起
別に、特別自分が不幸な人間だとは思わない。寧ろこの日本という国に生まれて、戦争の無い平和な日常を送っていられる分、この六十億という確率の中で、幸せな部類に入るのだろう。
だが心のどこかで、やっぱり私は不幸な人間に分類される方なんじゃないかなと、思うことがあるのだ。贅沢な悩みだっていうのは言われるまでもなく解ってる。でも、私みたいな人間は、いっそのこと、どこかの戦争してる国の民兵でもやってた方が、総合的に幸せな人生を送っていたんじゃないだろうか。
毎日が死と隣合わせなら、大した悩みなんて抱かずに、生きていけるだろうから。
そんなことを半ば本気で思っている私は、やっぱり幸せな人間に分類されるんだ。
学校が終わった放課後。夕焼けに染まった河川敷の土手を一人で歩く私は、鬱蒼とした気分のまま、堤防を降りる石段に腰を掛けた。目下には颯爽と生い茂る草が音を立てて揺れ、少し目線を上げると、大きな一級河川が流れていて、川の下流方面の先には大きな橋が見える。
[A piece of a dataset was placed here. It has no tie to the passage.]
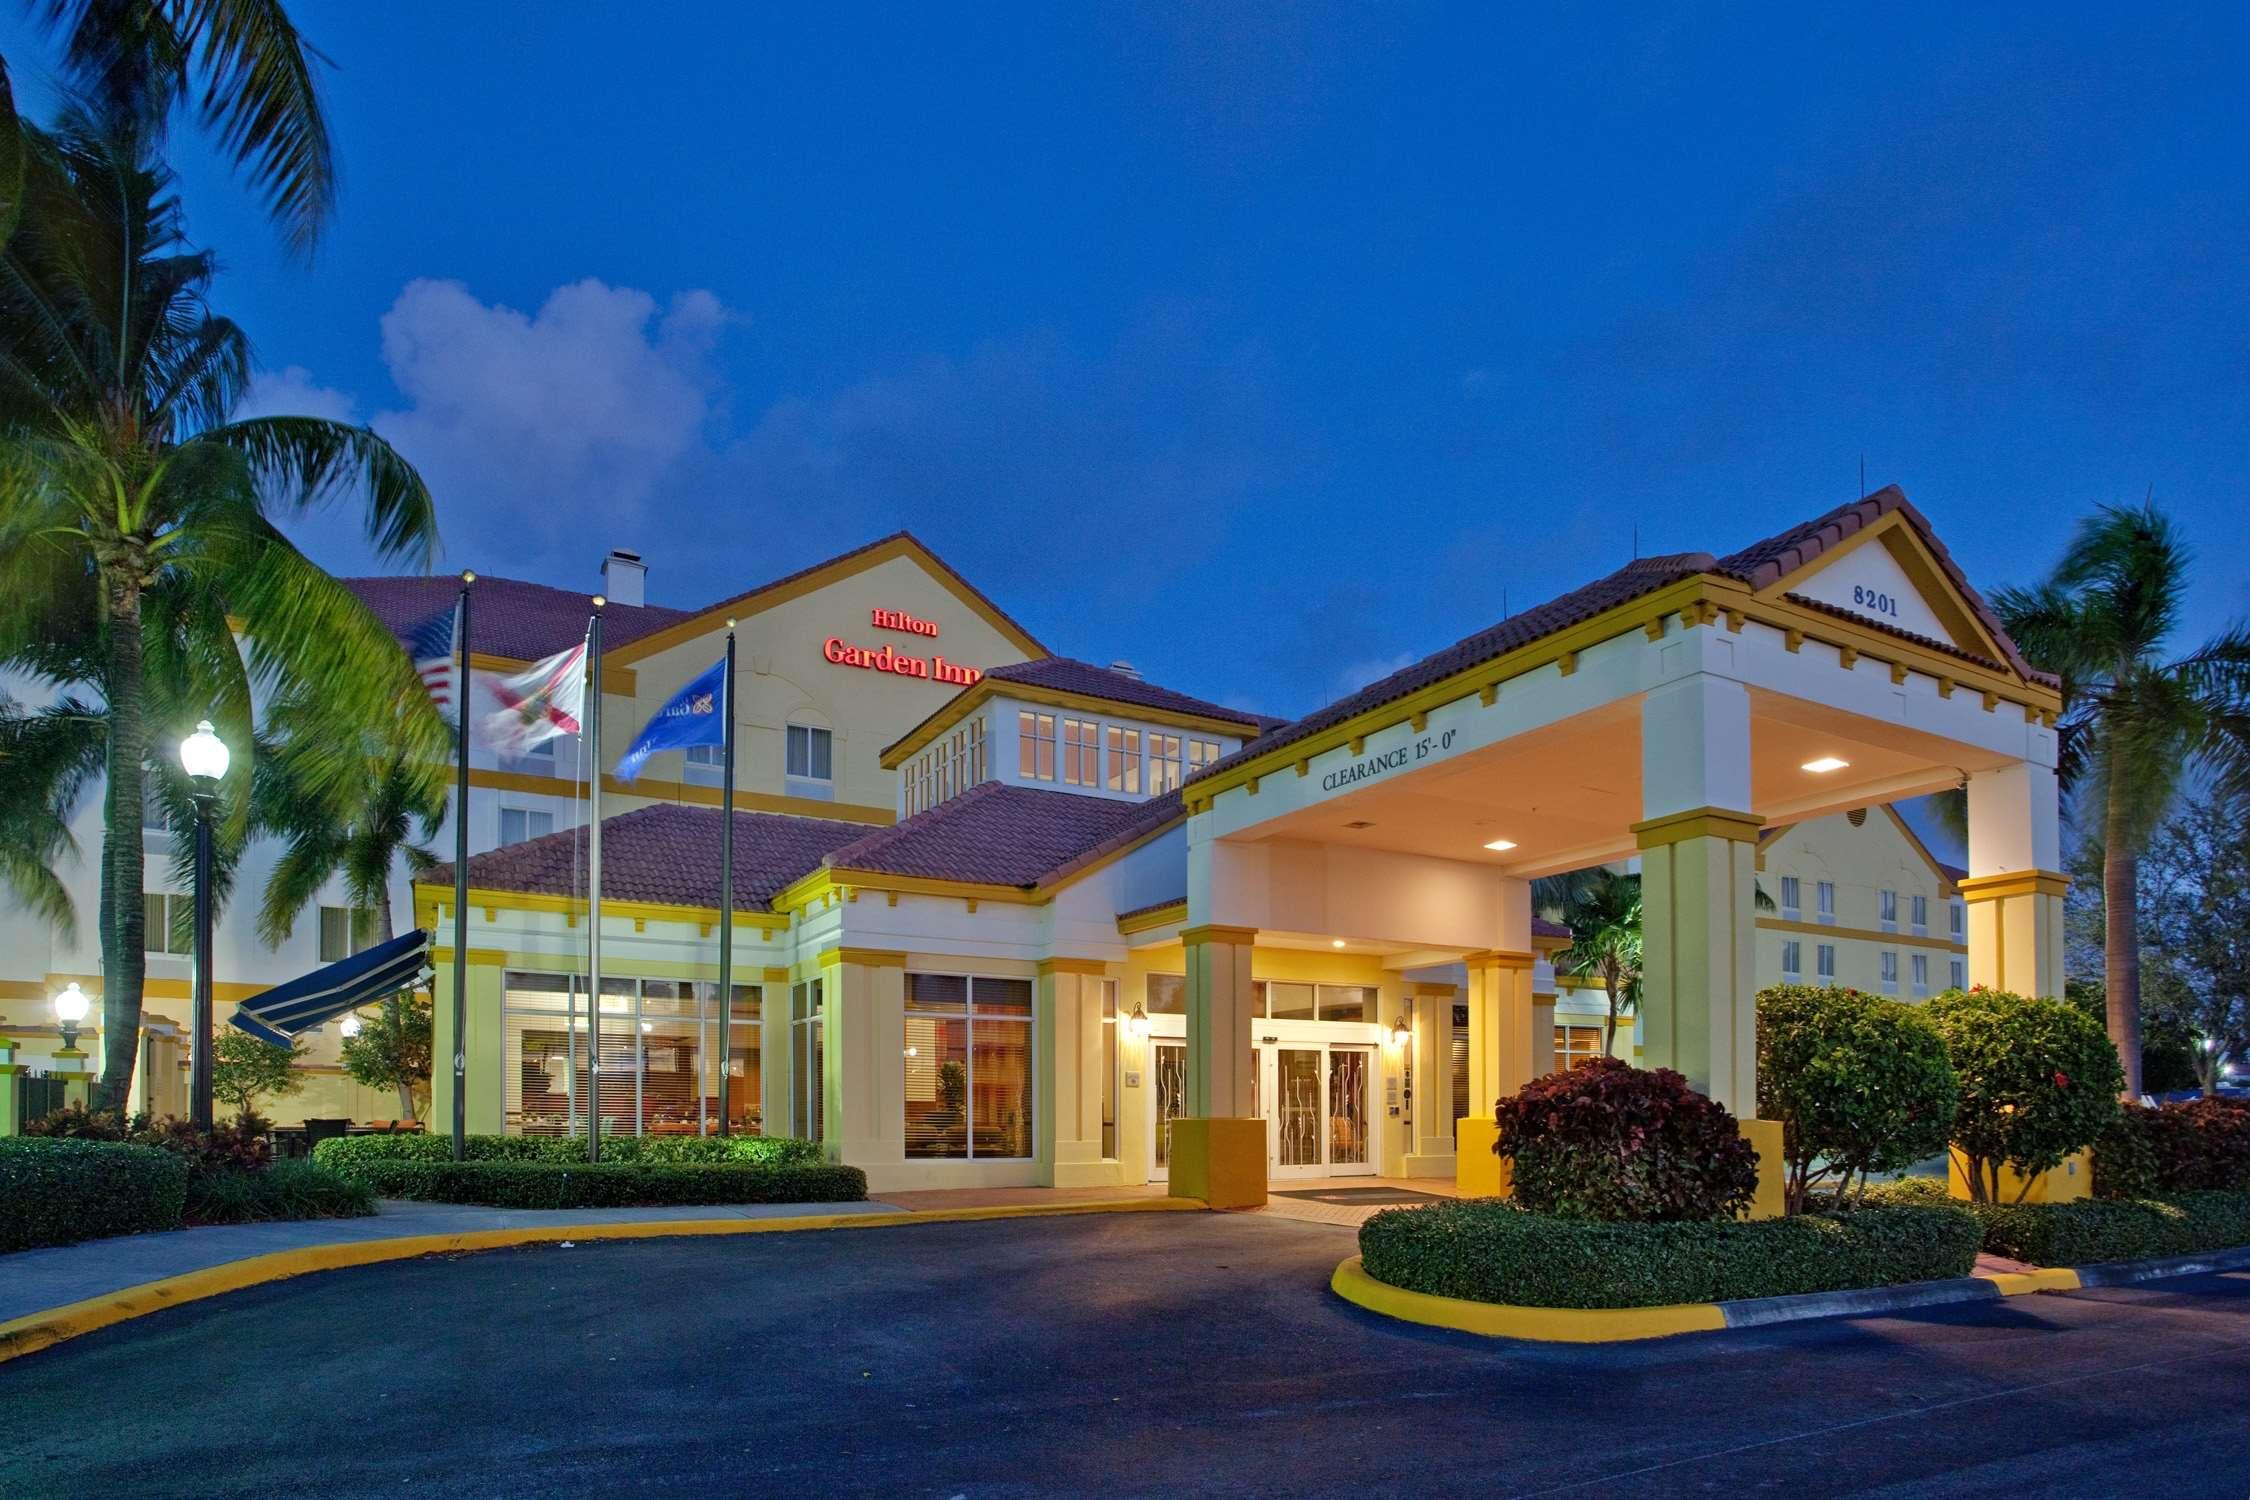 Hilton Garden Inn Boca Raton image 0

空は、沈みかけている太陽の橙色と、雲の白い色が絶妙なコントラストを描いていて、とても美しく感じられた。
結局、私は不幸なのか、幸せなのか、どっちなんだろう。
今までの考えを纏めると、幸せな人間の中の、不幸な部類、といった感じか。うん、これなら違和感も無いはず。
というワケで、自問自答の答えをものの数秒でしまったのだけど、特に嬉しかったり、気分が高揚するワケでもなく、やっぱり私は不幸な部類だと再認識したことに若干の憂鬱を覚えていた。
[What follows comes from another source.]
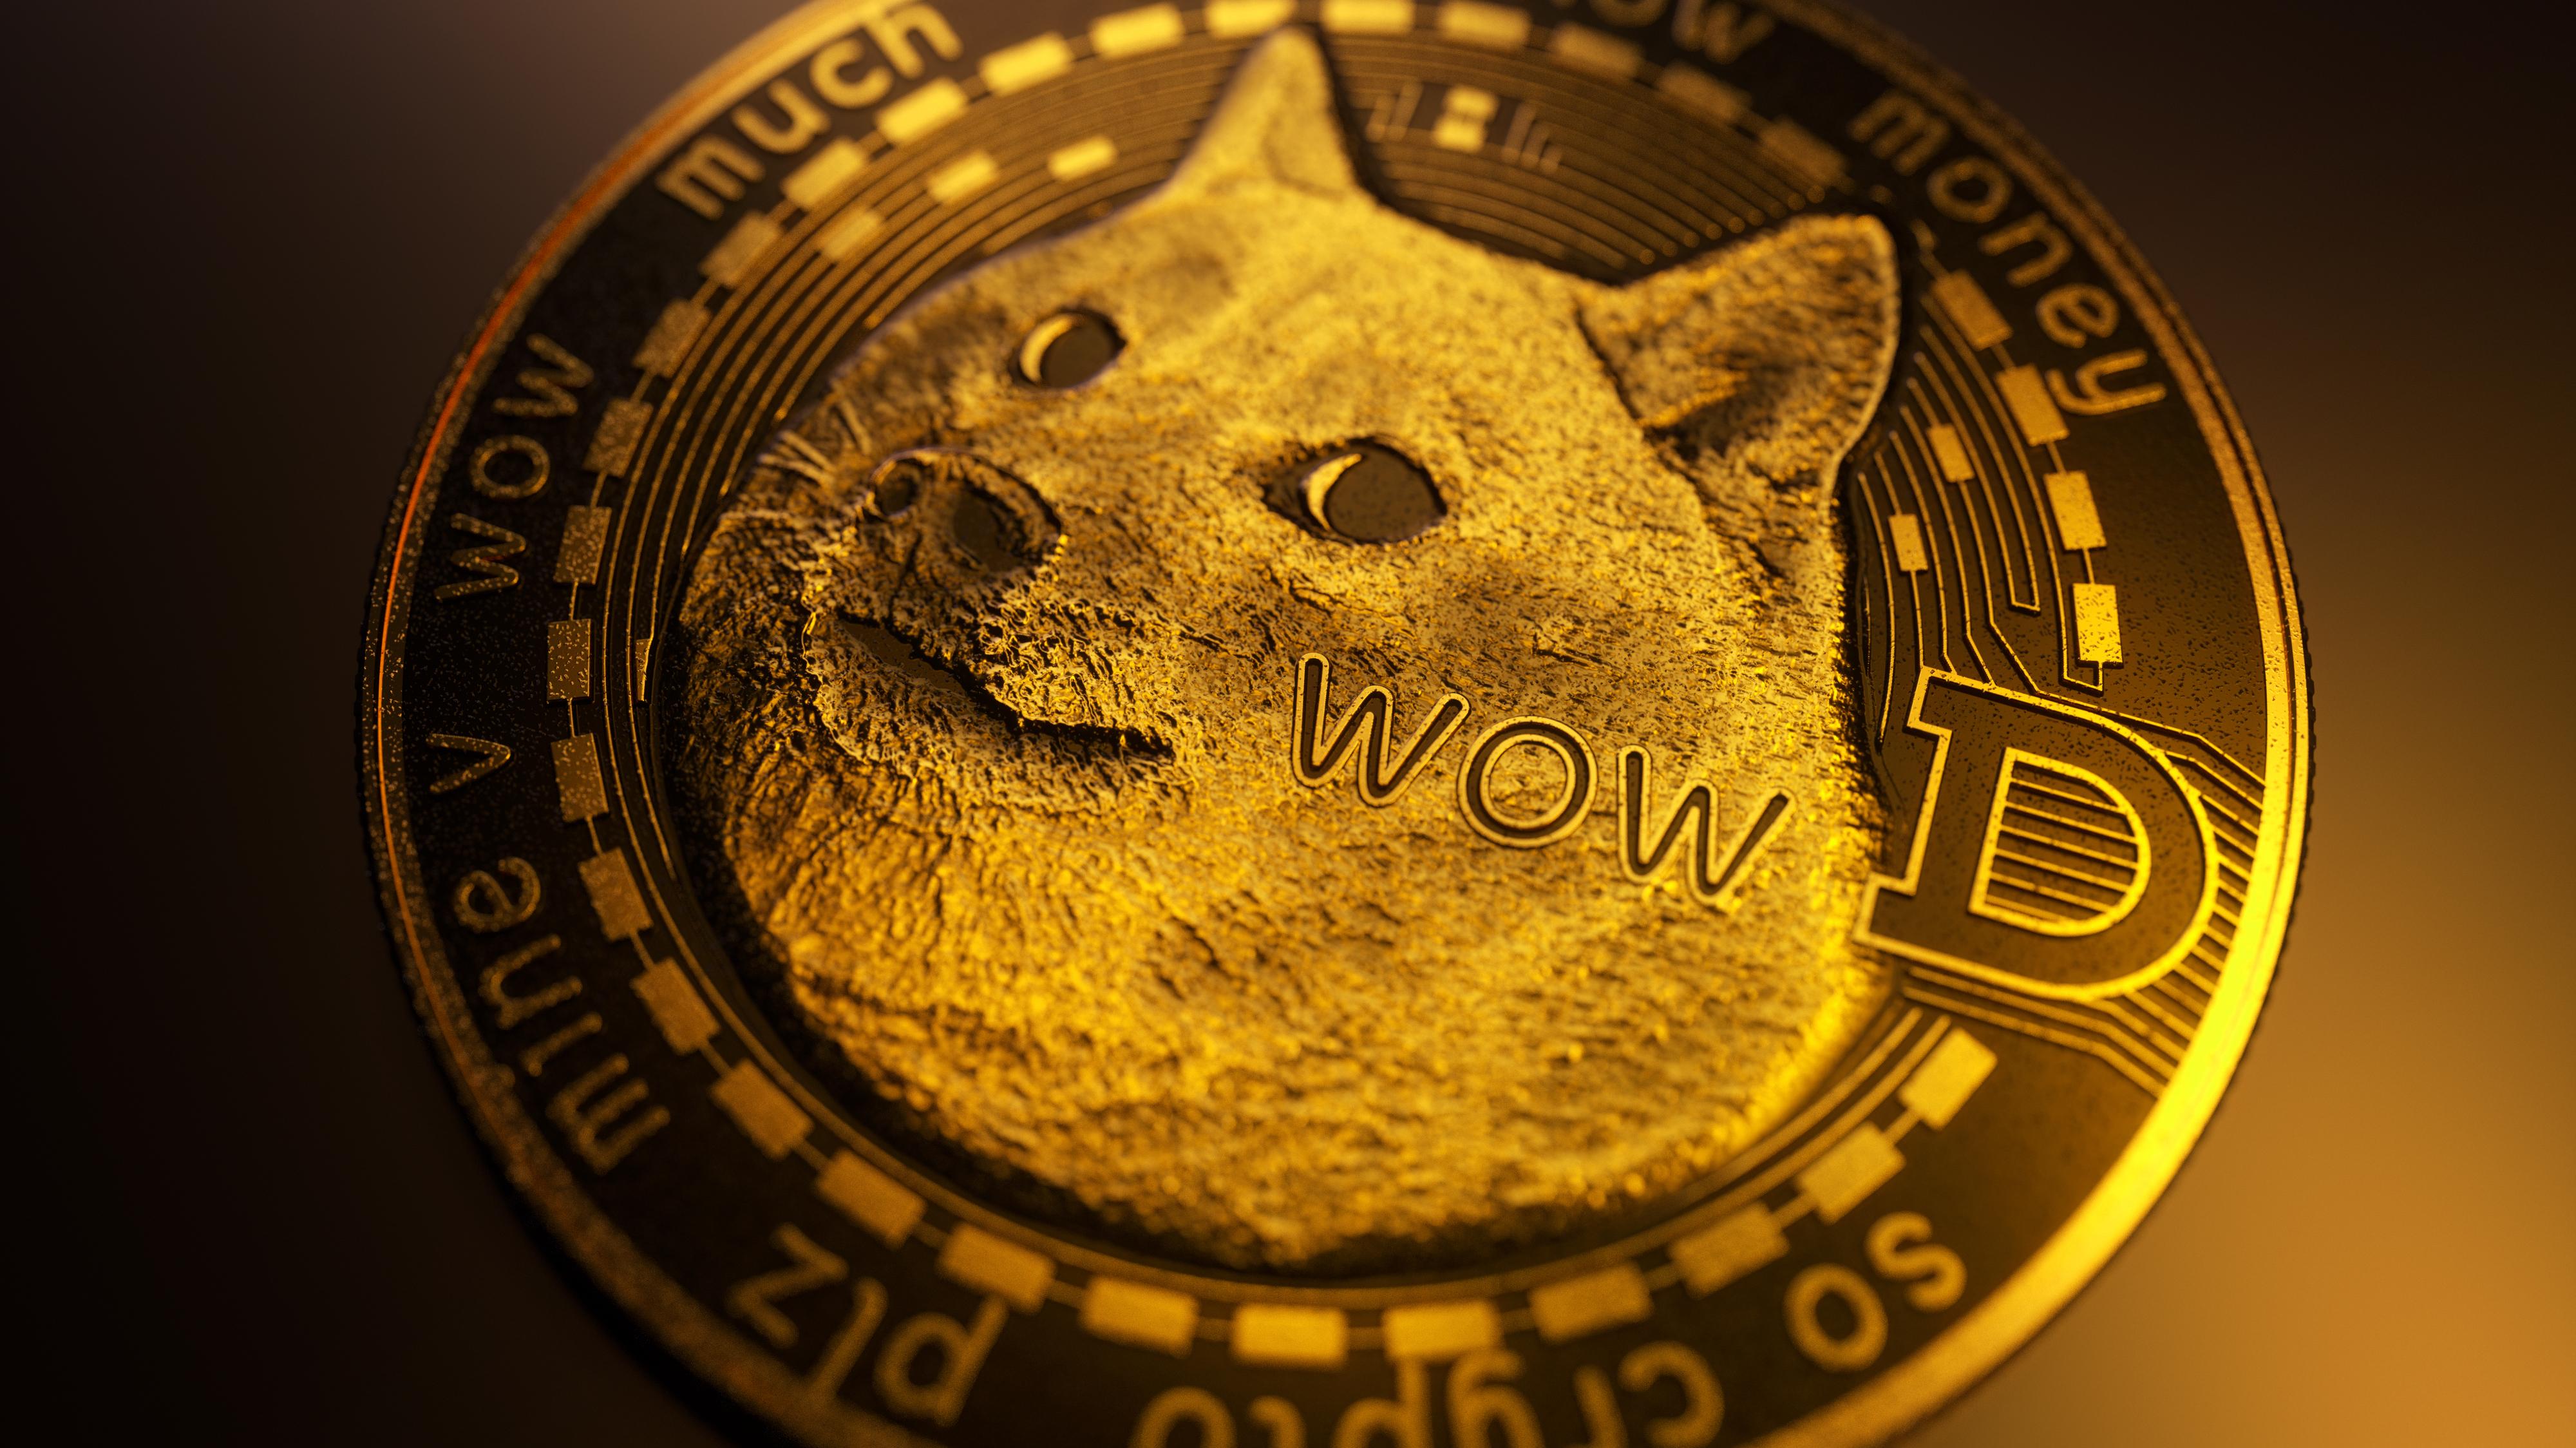 Bitcoin-Parodie Dogecoin: Das ist der wahre Wert der Hype-Kryptowährung

視線を落としながら再び土手を歩いて少しすると、道端に中途半端な大きさの石が積まれているのが視界に映った。子供達が遊んだ跡だろうか、石の塔が横に三つ並んでいる。
「…………」
これは、私の鬱憤を僅かだけど晴らさせる為の、神様が設置してくれたものなんだろうか。大きさはある程度揃っているものの、形がバラバラで不安定に積まれているソレを、なんだか無性にぶち壊したくなる。
三歩、小さく後ろに下がって、左右を大きく前に踏み出し、その距離を一気に詰め、後ろに振り上げられた右足を勢い良く振り切って石の塔を三つともまとめて盛大に蹴り壊した。
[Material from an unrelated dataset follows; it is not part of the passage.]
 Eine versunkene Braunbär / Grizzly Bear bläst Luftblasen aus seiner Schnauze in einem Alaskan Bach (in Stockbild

カラ、カラカラカラ、と、土手を転がっていく石が十数個。
石が予想以上に重かったらしく、衝撃が靴を通り越してつま先に伝わり、無駄に痛い。
「くそ……」
誰に向けたワケでもなく、――否、多分私自身に向けて悪態を付いた、そんな時だった。
「おいおい、人が積んだ石を見事に蹴り飛ばしてくれて。最近の高校生はこんなんばっかりか?」
ふと後ろから、声を掛けられていた。
慌てて振り返ると、そこには溜息を吐いて面倒臭そうに後頭部を掻く、茶色いロングコートを着た、中肉中背の男性の姿があった。歳は二十代……後半辺りだろうか。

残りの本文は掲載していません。